Also underlying this reconceptualization of samnyasa is a refutation of the
theory held by some Jains and Hindus that by not performing karman (action) one may
become liberated from the cycles of birth and death. While for Sarkar karman
produces samskaras (reactions to actions in potential form) which are the momenta
ensuring perpetual transmigration of the soul, his answer for attaining the goal of moksa
(liberation--absorption into the Absolute) is not the cessation of action. Such cessation
is impossible to him--even respiration and thought are karman. Sarkars
samnyasa better reflects the dialectic between karman and moksa apparent
in the Bhagavad Gita: the samnyasin is one who, placing himself (nyasa)
at the service of sat (Krsna) performs karman, surrendering all
attachment to the results.
Critical to Sarkars samnyasa is the relationship between bhakti and
jagat (the world). To Sarkar bhakti is the intimate relation formed with paramatman
(Supreme Soul)--sat--as the mind becomes detached from worldly objects and
channelled inward. Not only does his writing continually iterate the supremacy of bhakti
over karman (action) and Jana (knowledge), but bhakti even becomes
the rationale for explaining what is a cornerstone of his spiritual philosophy: the
necessity of rendering selfless service to the universe. As in other bhakti
traditions, intimate language and metaphor (paternal, maternal or conjugal) characterize
the a-intellectual bhakti in Sarkars Tantra. Sarkars bhakti is
unusual though in that it is often spoken of in relation to impersonal concepts of the
divine (brahman and paramatman). Paramatman is the loving
father, caring for his children (creation); and as one loves Him, one should
"according to natural law" come to love creation with the same spirit of
bhakti (1988, 33). Love, of society, living beings and even of the inanimate universe
is considered integral to bhakti. This might be considered an attempt to reconcile
Buddhist compassion with Hindu devotion. However, Sarkars compassion is not based
upon the Buddhistic discourse on suffering and its cessation, and validates both temporal
service (material and mental) as well as helping beings attain nirvana.

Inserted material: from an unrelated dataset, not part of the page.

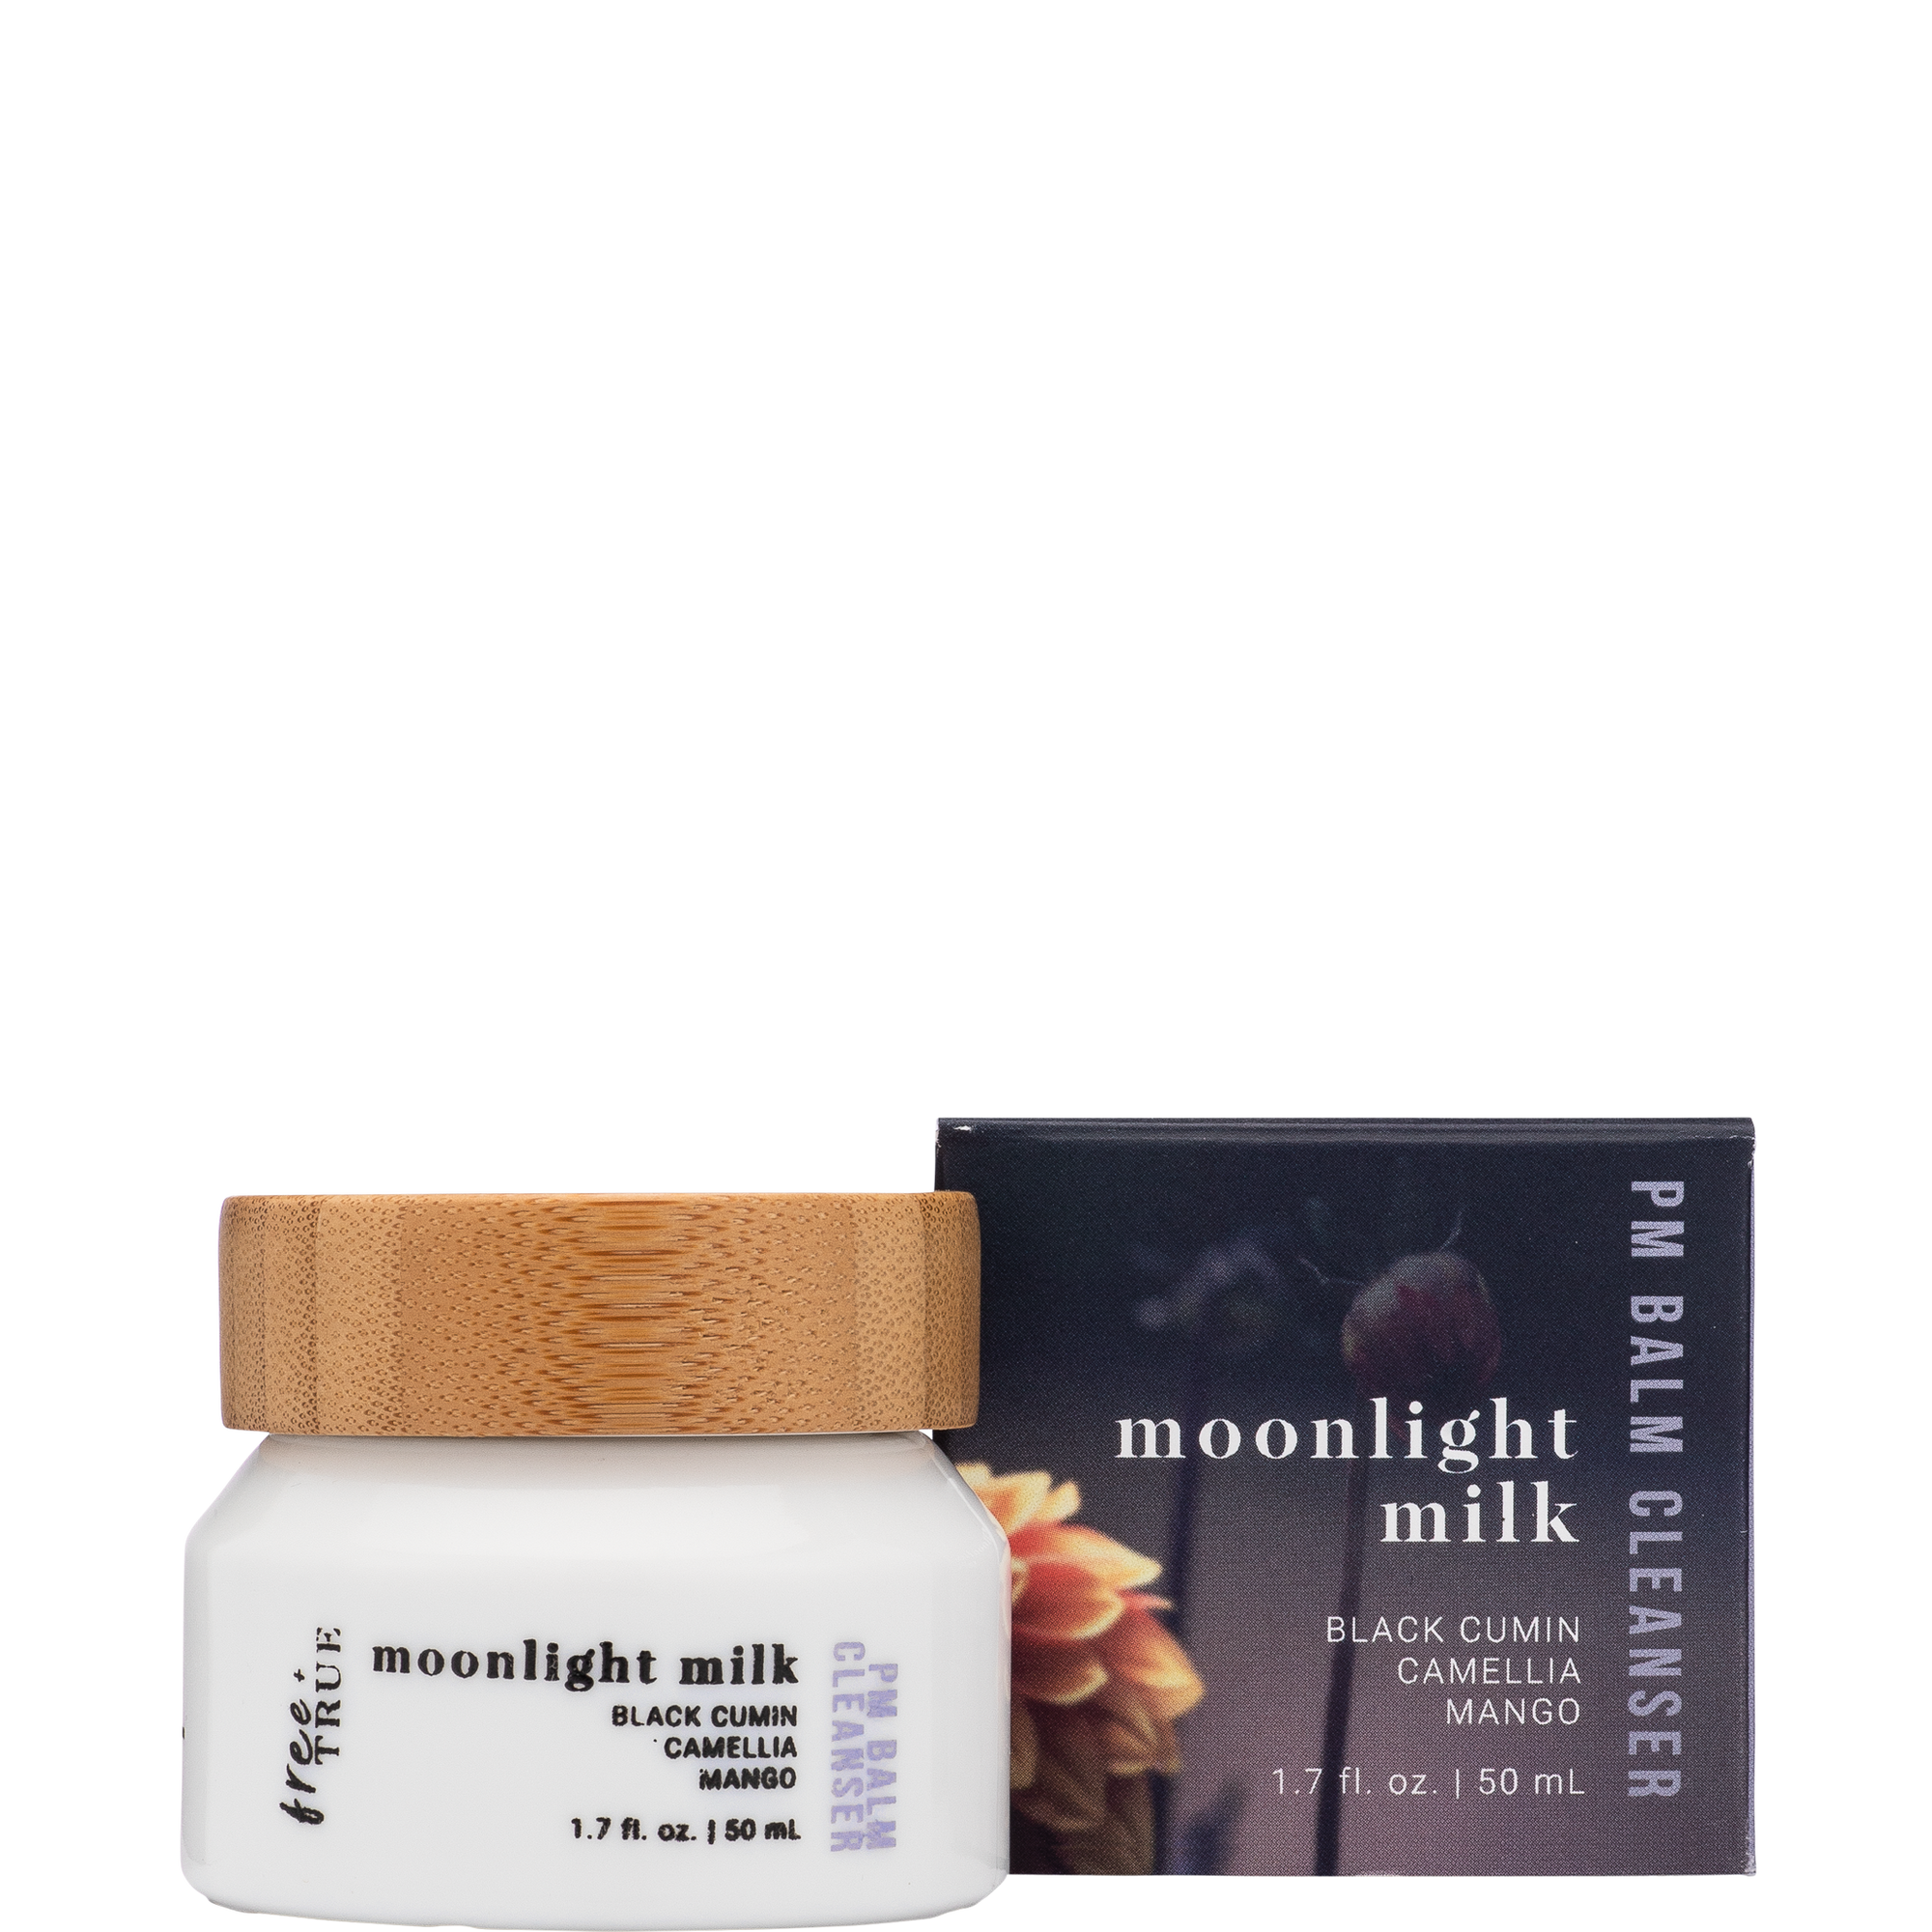 Moonlight Milk - Balm-to-Milk Cleanser

Sarkars view of creation perhaps better reflects the Upanisads than Buddhism,
seeing all as an expression of brahman rather focusing on the suffering inherent in
samsara.
While bhakti is directed toward the personal beloved of the devotee (whether
understood as Krsna, sat, or Paramatman), for Sarkar the focal point of samnyasa
is impersonal ideology--that all beings are manifestations of brahman, that service
to the universe is the highest form of karman, that union of the self with the
cosmic entity is the goal of human life (1973). The dual acceptance of bhakti and samnyasa,
devotion to brahman and to ideology, is regarded as critical to the human spiritual
quest. For Sarkar karman has meaning only in the context of bhakti. His samnyasa
aspires for the total identification of the self with sat, and he terms the
endeavor to perfect this identification karma samnyasa. Bhakti is the factor
inspiring this endeavor, while ideology (samnyasa) reinforces bhakti, which
may fluctuate.
Karma samnyasa also carries another connotation in Sarkar's philosophy: the
effort to unite unit intellect with the cosmic intelligence, solely for performing karman
beyond the capacity of ordinary human limitations (1988, 33). Though an idealistic goal,
Sarkar nonetheless took this very seriously in guiding his disciples, setting
astonishingly difficult (practically speaking, impossible) goals for their service and
missionary work. This could be read as an effort to provoke actions beyond human capacity,
actions which require assistance from a greater source of agency. A interesting difference
is here discernible between Sarkar and Tantrik gurus of the past; rather than, as a test
of character and preparation for spiritual initiation, having the disciples build houses
out of stone only to destroy them again and again (as with Milarepa and his guru Marpa in
Tibetan Tantra), Sarkars proverbial stone houses are in fact houses for the poor and
disadvantaged and do have value to society and not the self alone. Of course as a
spiritual guru, a Tantrik guru, his goal may have been as much to inspire greater bhakti
and ego-surrender in his disciples as to transform society.
Ascetic Practices
Sarkars asceticism is not solely for samnyasins: his householder disciples
also incorporate various levels of asceticism into their lives. The primary ascetic
occupation of all Sarkars disciples is meditation, largely following the astanga
(eightfold) yoga outlined by Patanjali and traditional raja and rajadhiraja yogas
(meditation techniques). Advanced lay disciples and samnyasins also practice other
aspects of Tantra, such as kapalika sadhana. Additionally Sarkars disciples
practice yoga postures (asanas), periodic fasting, dietary restraint, general
moderation and traditional yogic ethical principles--yama and niyama.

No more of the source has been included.